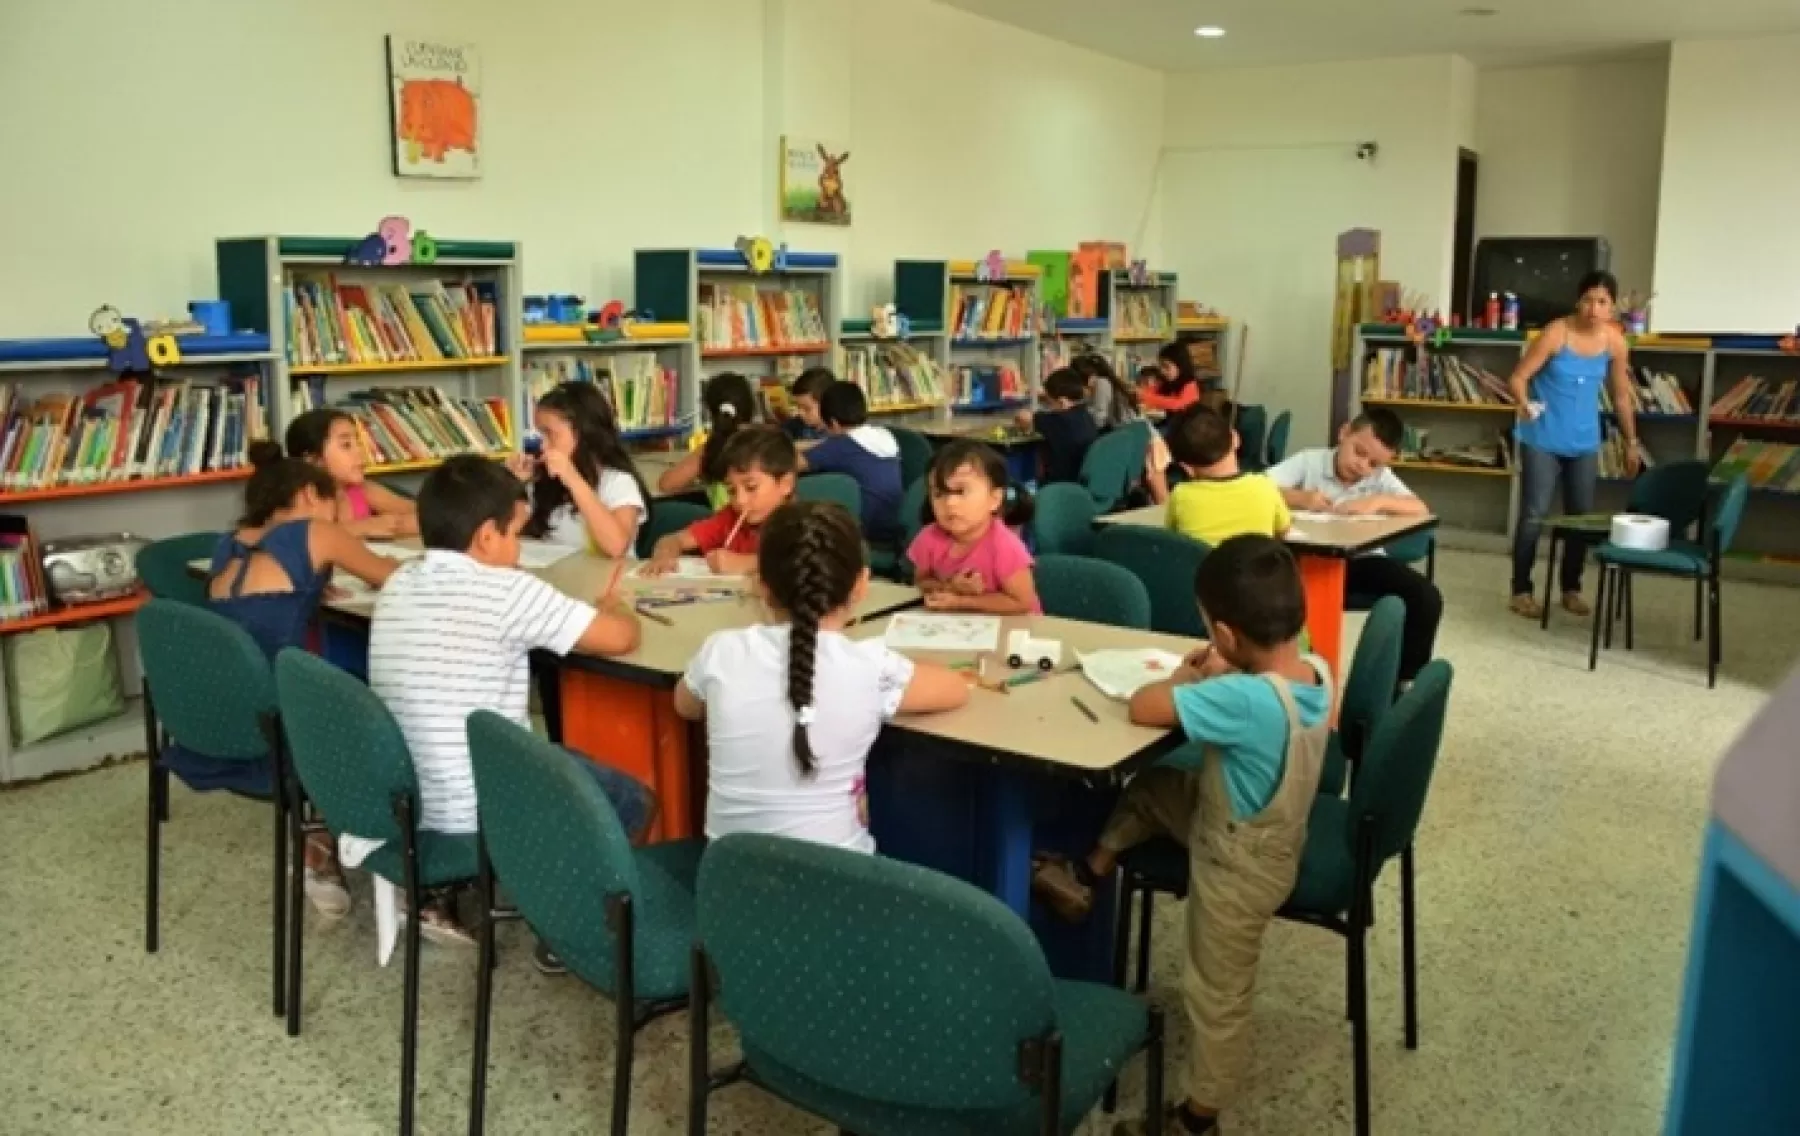 Actividades de manualidades y promoción de lectura se desarrollan en la sala de lectura infantil de la biblioteca Germán Arciniegas de Villavicencio.
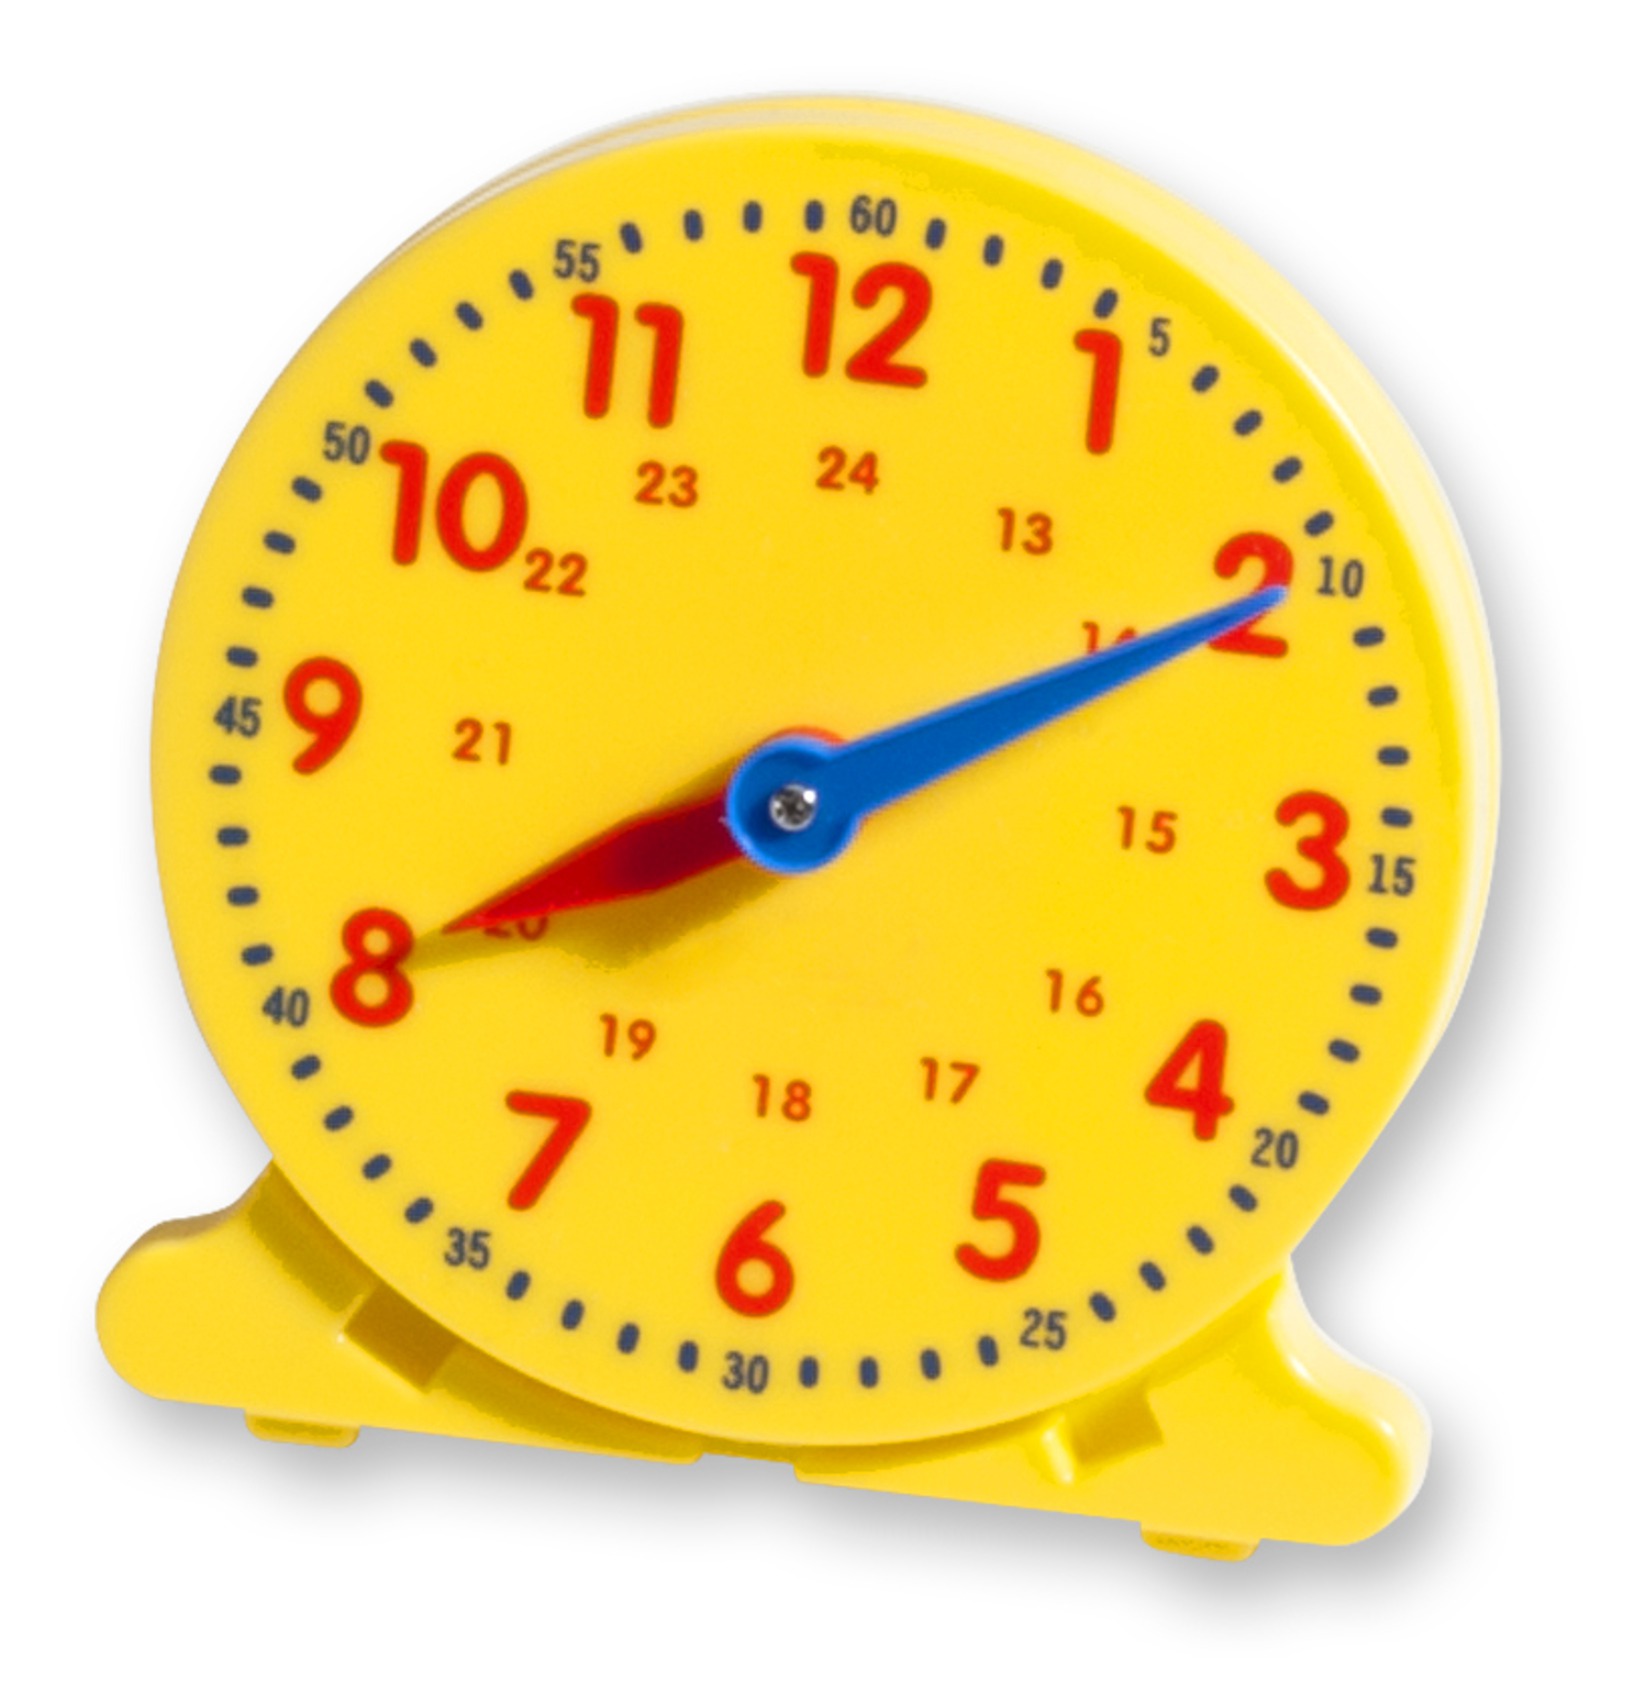 Циферблат часов для обучения. Часы обучающие для детей. Часы со стрелками для детей. Модель часов. Часы циферблат для детей.
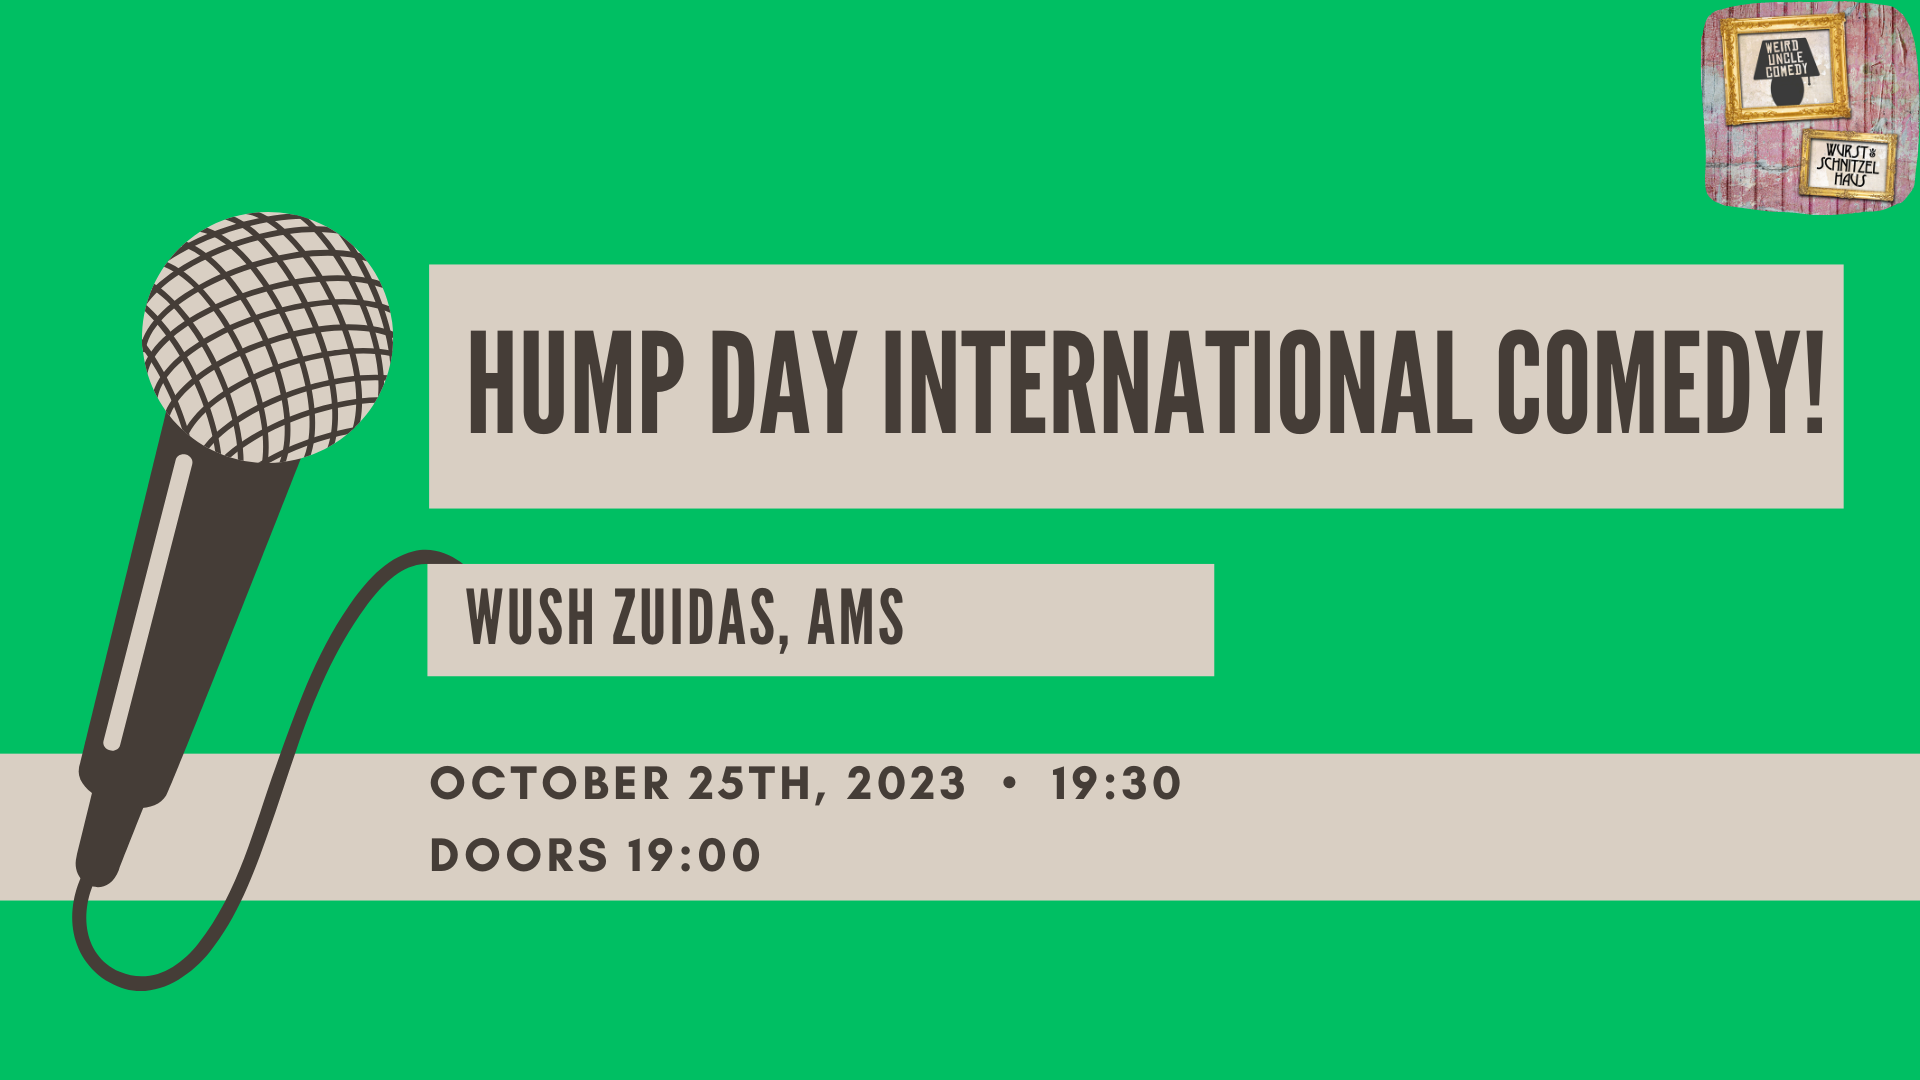 Ticket kopen voor evenement Hump Day Comedy!

..........

- **ACTIVITY**: Please set the data above down exactly, with the pictures removed.

- **ANSWER SPACE**:
 Actividades de manualidades y promoción de lectura se desarrollan en la sala de lectura infantil de la biblioteca Germán Arciniegas de Villavicencio.
 Циферблат часов для обучения. Часы обучающие для детей. Часы со стрелками для детей. Модель часов. Часы циферблат для детей.
 Ticket kopen voor evenement Hump Day Comedy!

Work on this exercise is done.